Assignment >> Reproduce all of the data exactly. Images are not to appear in the reply.

Input data >>
[Start of section]

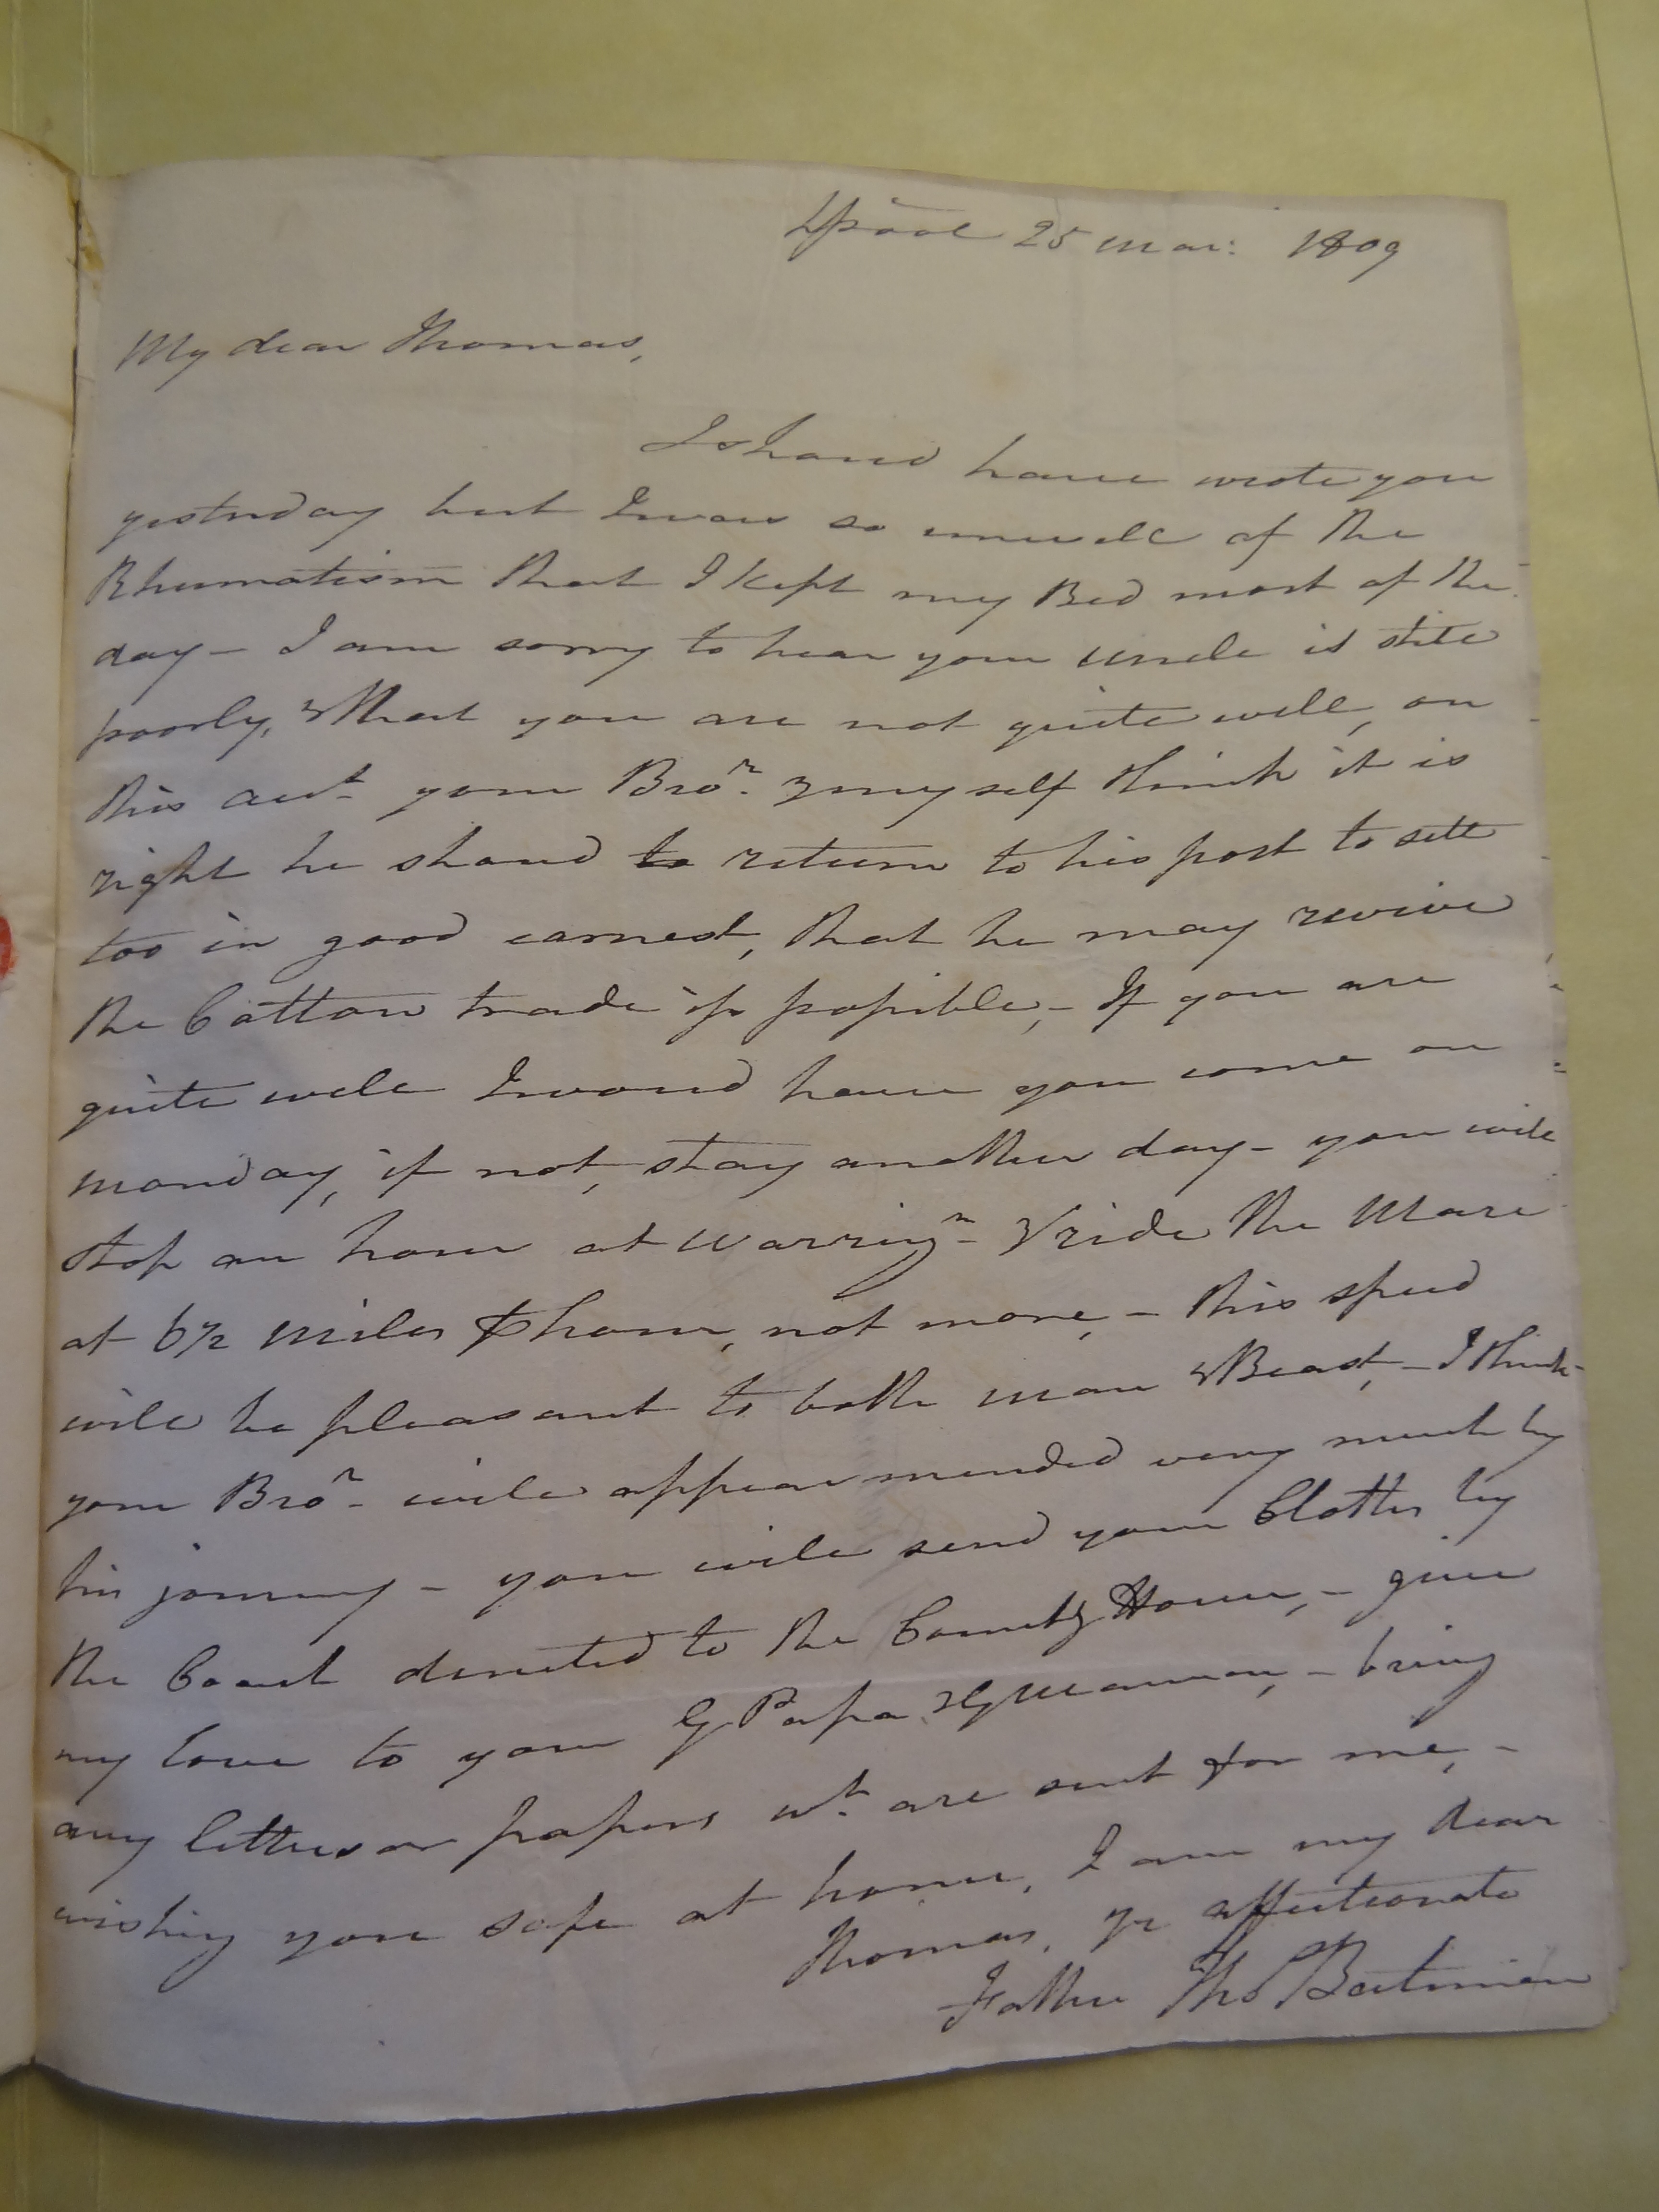 Image #1 of letter: Thomas Bateman (senior) to Thomas Bateman (junior), 25 March 1809
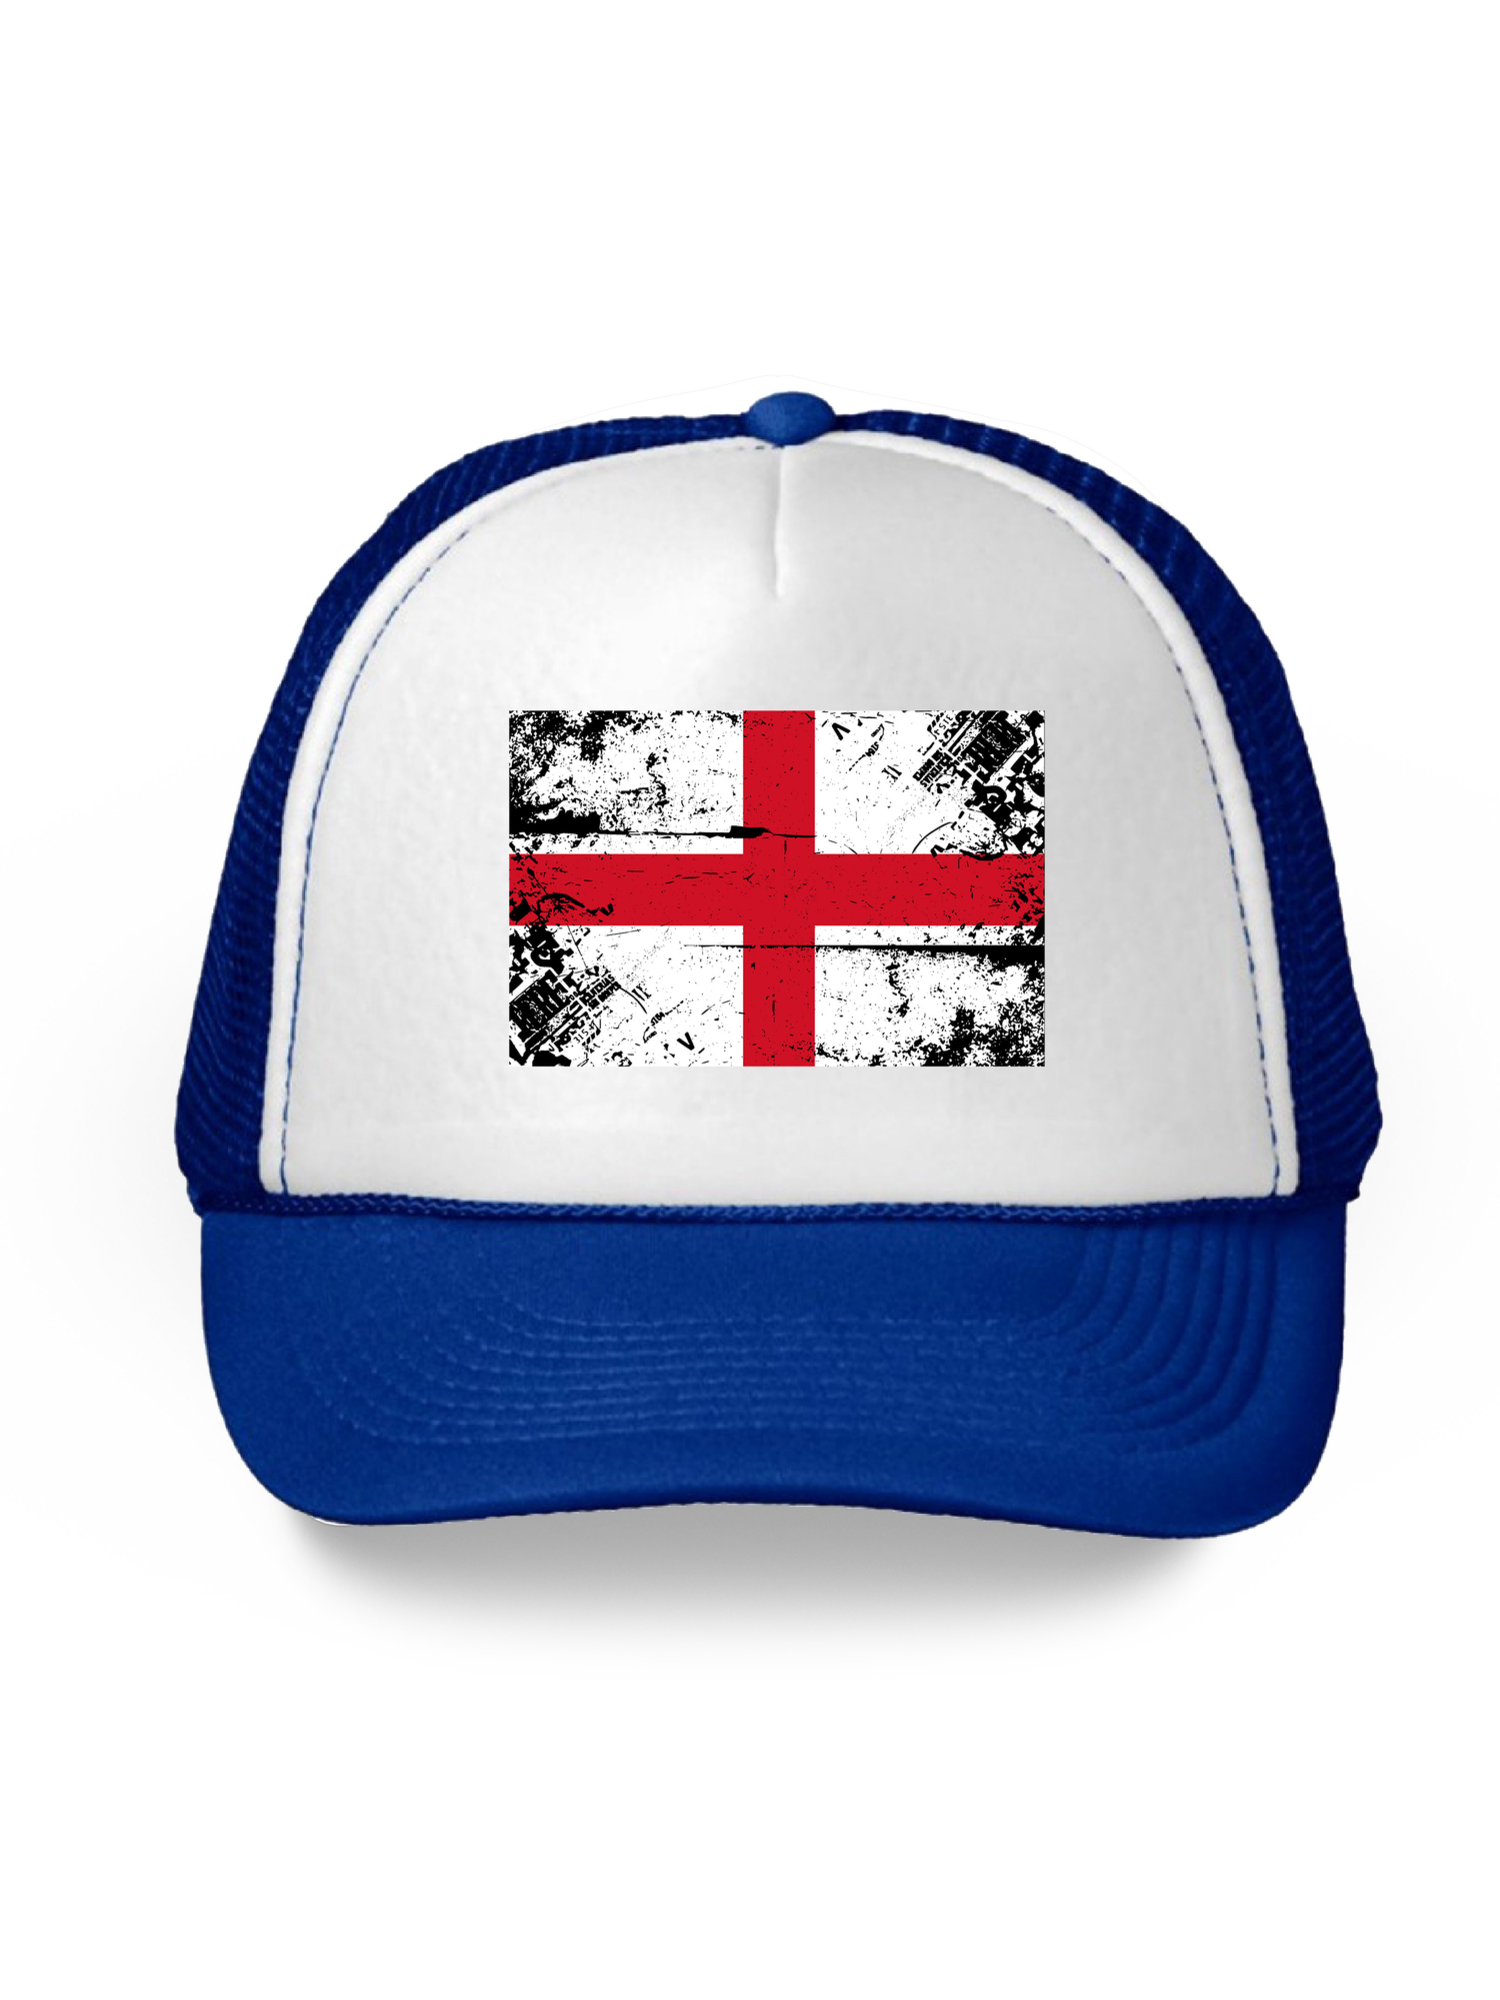 Awkward Styles England Flag Hat English Trucker Hat England Baseball Cap Amazing Gifts from England English Soccer 2018 Hat England 2018 Hat for Men and Women English Flag Snapback Hats England Gifts - image 1 of 6
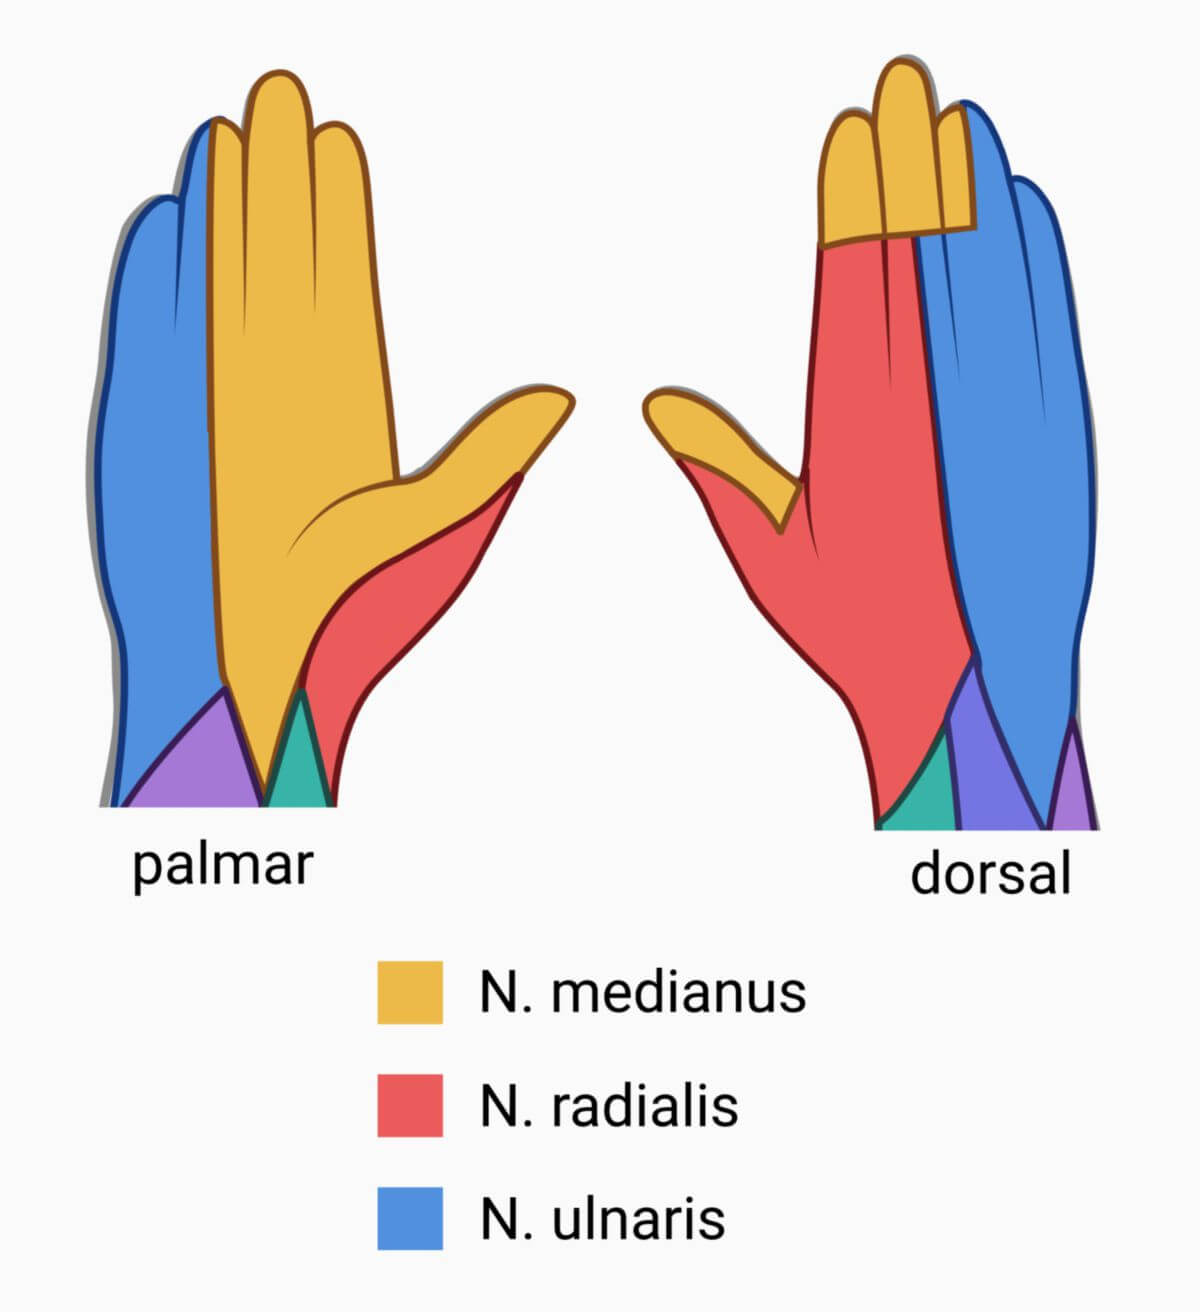 Innervationsmuster der Hand

[End of section]

Written response >>
 Image #1 of letter: Thomas Bateman (senior) to Thomas Bateman (junior), 25 March 1809
 Awkward Styles England Flag Hat English Trucker Hat England Baseball Cap Amazing Gifts from England English Soccer 2018 Hat England 2018 Hat for Men and Women English Flag Snapback Hats England Gifts - image 1 of 6
 Innervationsmuster der Hand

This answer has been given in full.